Density of soap
Laboratory 01
in SC 130 Physical Science focused on the linear relationship between
volume and density for soap. The class began with a return look at Monday's demonstration.
Measuring the mass of the vials did clearly demonstrate that the sinking vial was slightly more massive than the floating vials. Density calculations were complicated by the cap being slightly larger than the glass vial. Volume calculations attempted at 8:00 were plagued by measurement and mathematical errors. Misreading of the calipers and forgetting to halve the diameter both contributed to a confusing presentation. At 11:00 an attempt was made to determine the volume by displacement using the graduated cylinder.
The complication is that the masses do not yield densities that predict floating and sinking.
The floating vials massed at 13.2 and 13.4 grams. The sinking vial massed at 14.0g. By displacement, the volume of a vial is 14 cm3.
Differences in the 1.575 cm diameter of the vials was less than 0.025 centimeters between vials, thus volumetric differences in the vials were on the order of, at most, 2%. The mass difference was the larger effect at 6%.
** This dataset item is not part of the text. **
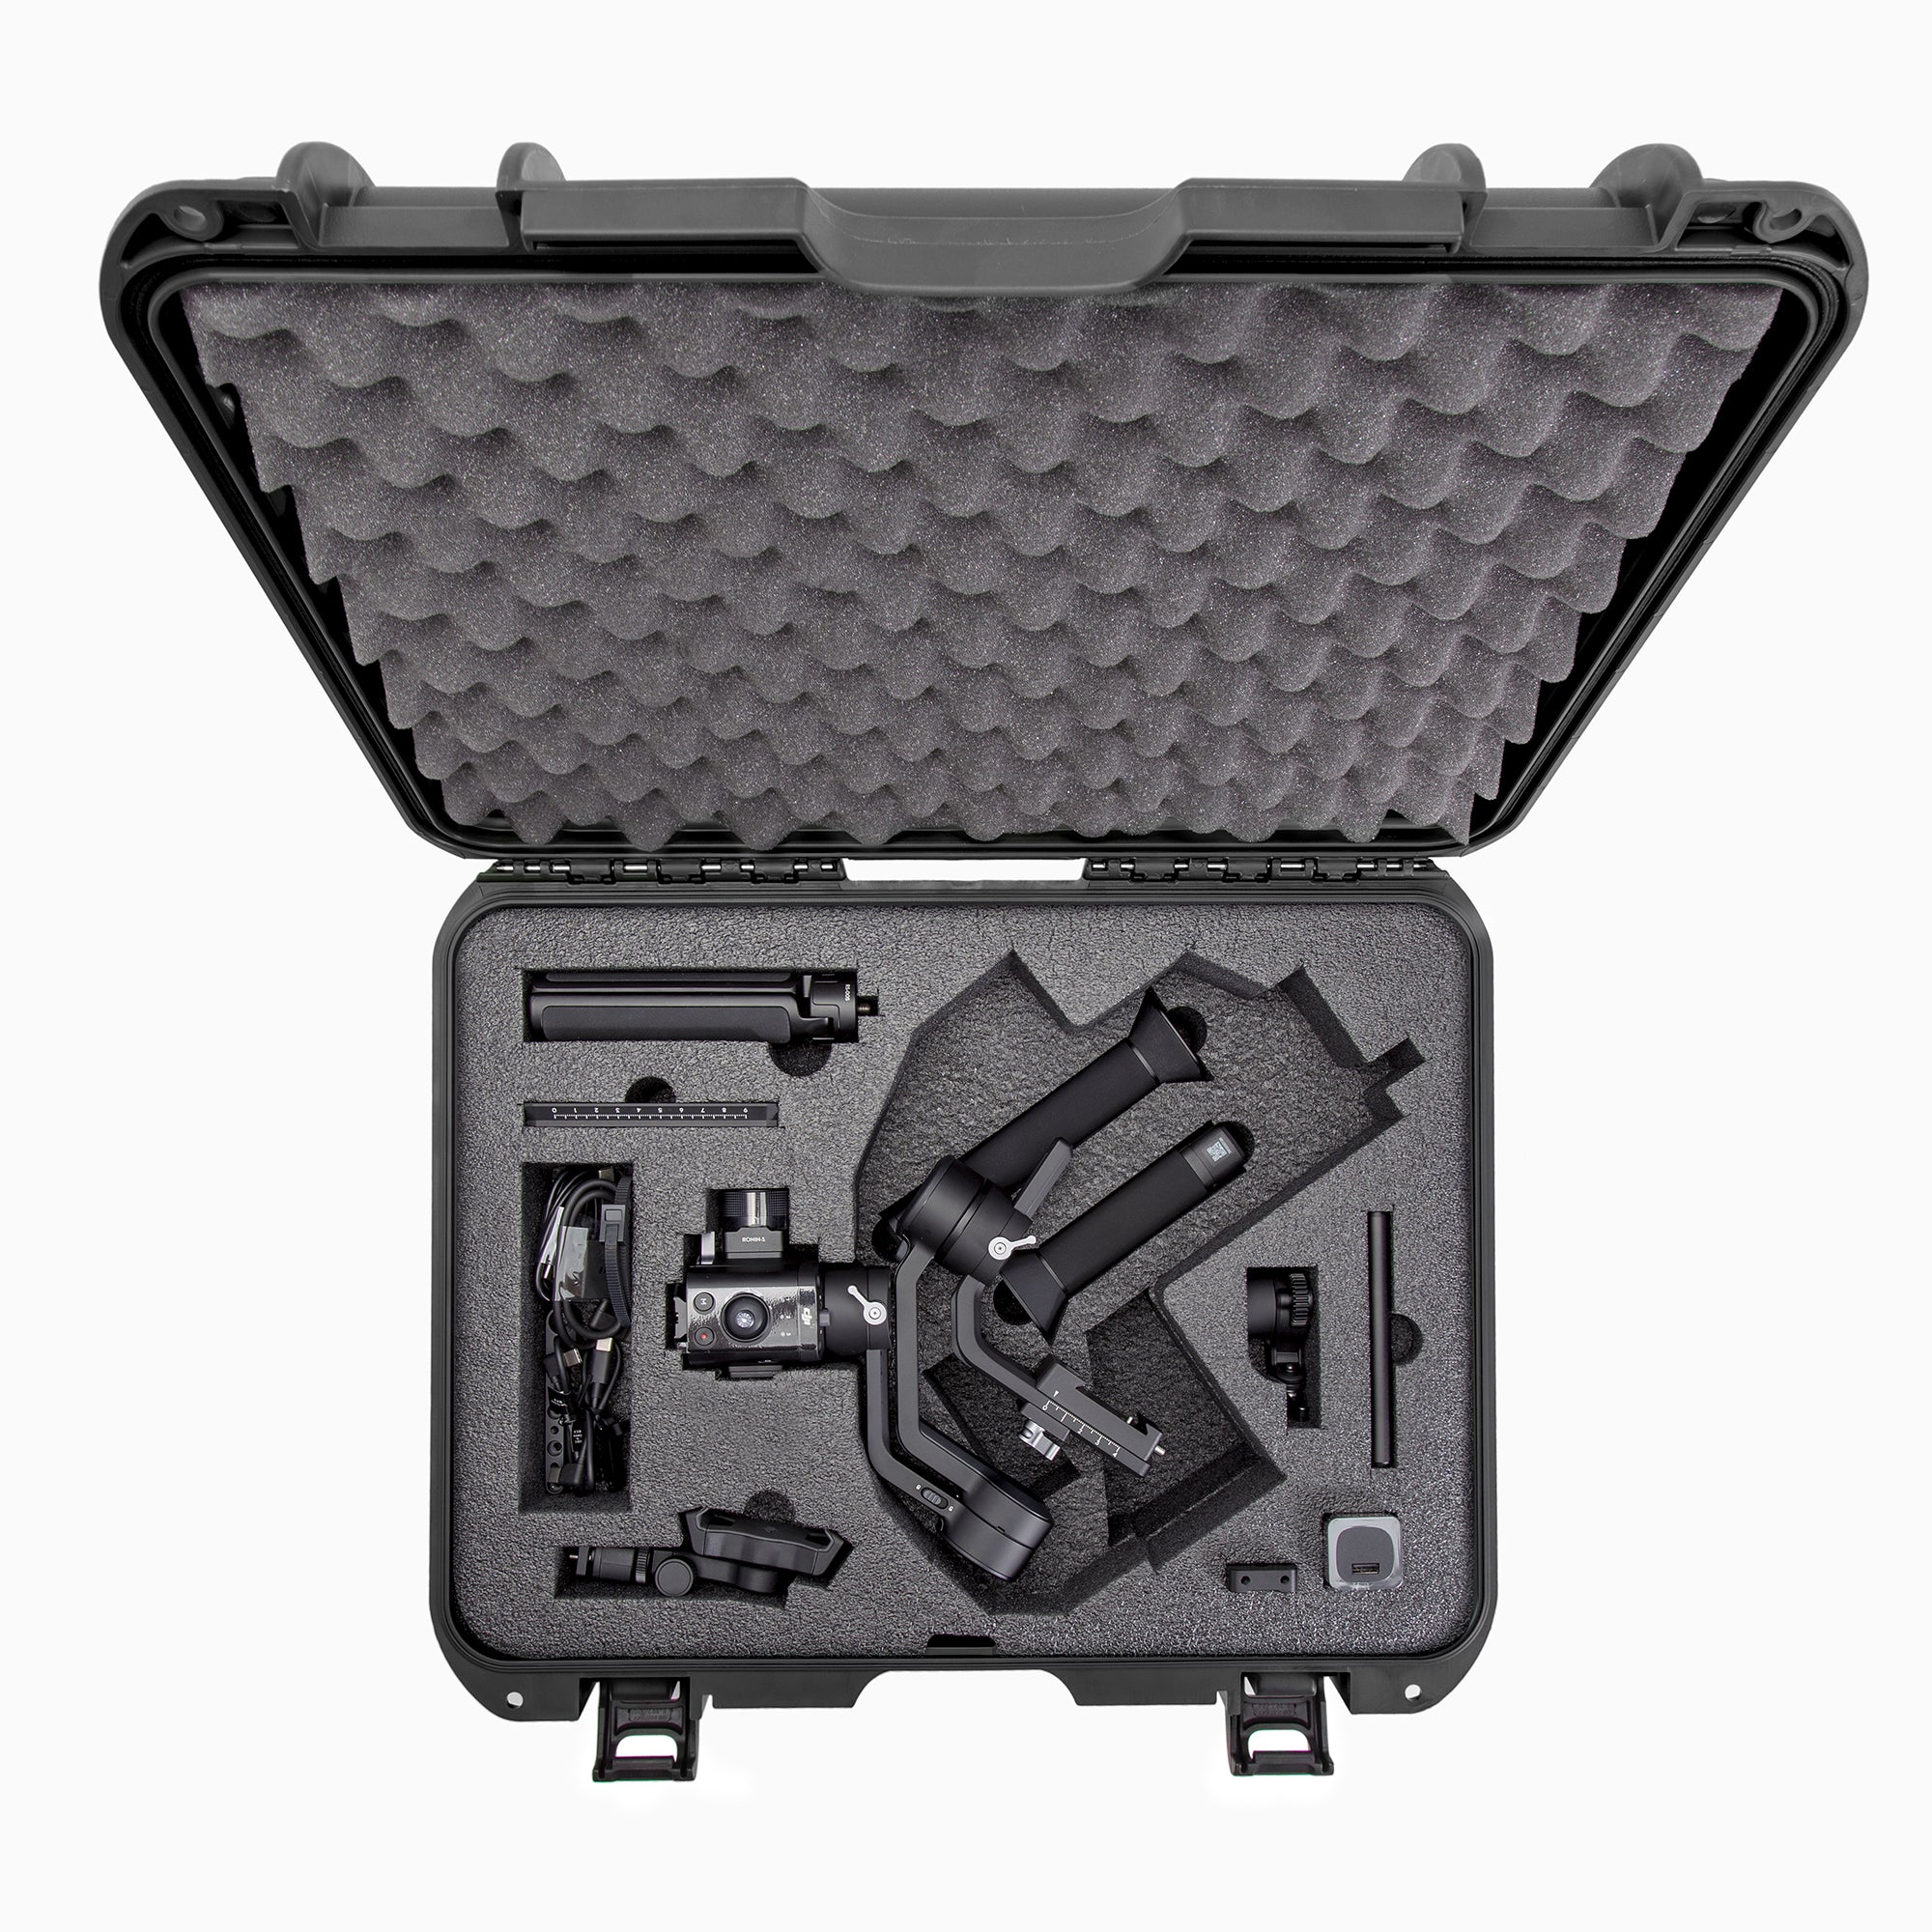 Nanuk 930 Waterproof Hard Case with Custom Foam Insert for DJI Ronin-SC - Black

I also massed an empty 100 milliliter beaker, filled the beaker with 80 ml of water, and remassed the beaker to work out the density of the tap water in the laboratory.
A 43.7 gram beaker massed 126.4 g with 80 ml of water for a calculated density of 1.03 g/cm3 for the tap water. The complication with this approach is that few, if any, of my students have worked with milliliters, thus this calculation is little better than magic.
The above implies a water mass displacement of 14 times 1.03 or 14.42 grams of water, suggesting that all three vials should float. As they do not all float, errors in measurement must remain. The differences are small, only a 6% spread in mass, a difference of less than one gram. This is a rather sensitive system.
Harmony beauty soap and Safeguard anti-bacterial soap both with a density greater than one gram per cubic centimeter was used by six lab pairs in each section. Two lab pairs in each section had Ivory soap with a density of less than one gram per cubic centimeter. The soap was carved into square chunks so the volume could be calculated from length × width × height.
The class began with the Freeman Dyson quote:
I also included a quote from William Gilbert on the need to perform experiments and when experimenting to "handle the bodies carefully, skilfully, and deftly, not heedlessly and bunglingly." The above difficulties with the vials suggests that I too am not heedful enough of Gilbert's cautionary words. Somewhere in the vial measurements I bungled.
This class also provides an opportunity to introduce the mass balance and measuring in centimeters. After gathering the data on the length, width, height, and mass of the soap, the class moved upstairs to the computer laboratory to plot the data and determine the slope of the best fit line.
The class does not presume prior knowledge of linear regressions, on the contrary the class teaches the concepts of slope and intercept through the science encountered in the class.
Only after the students work out their slope data do I ask them to predict what their soap chunks will do when dropped into a beaker of water. Each makes a prediction. Then I drop the Harmony soap chunks into the water, followed by the Ivory soap chunks. As Dyson noted, the students made a mathematically based prediction and the soap knew what to do.
The chart is based on student data for the Ivory, Harmony, and Safeguard soaps. The blue line is a density of one gram per cubic centimeter, the theoretic density of water. Obviously this experiment could be mathematically simplified by having the students directly calculate the density per chunk. The densities could then be averaged. The point, however, is to move the students towards mathematical models. Laboratory three and section 041 will feature non-linear models. Slope is mathematically a farther reach for the students, the gain is worth the mind stretching.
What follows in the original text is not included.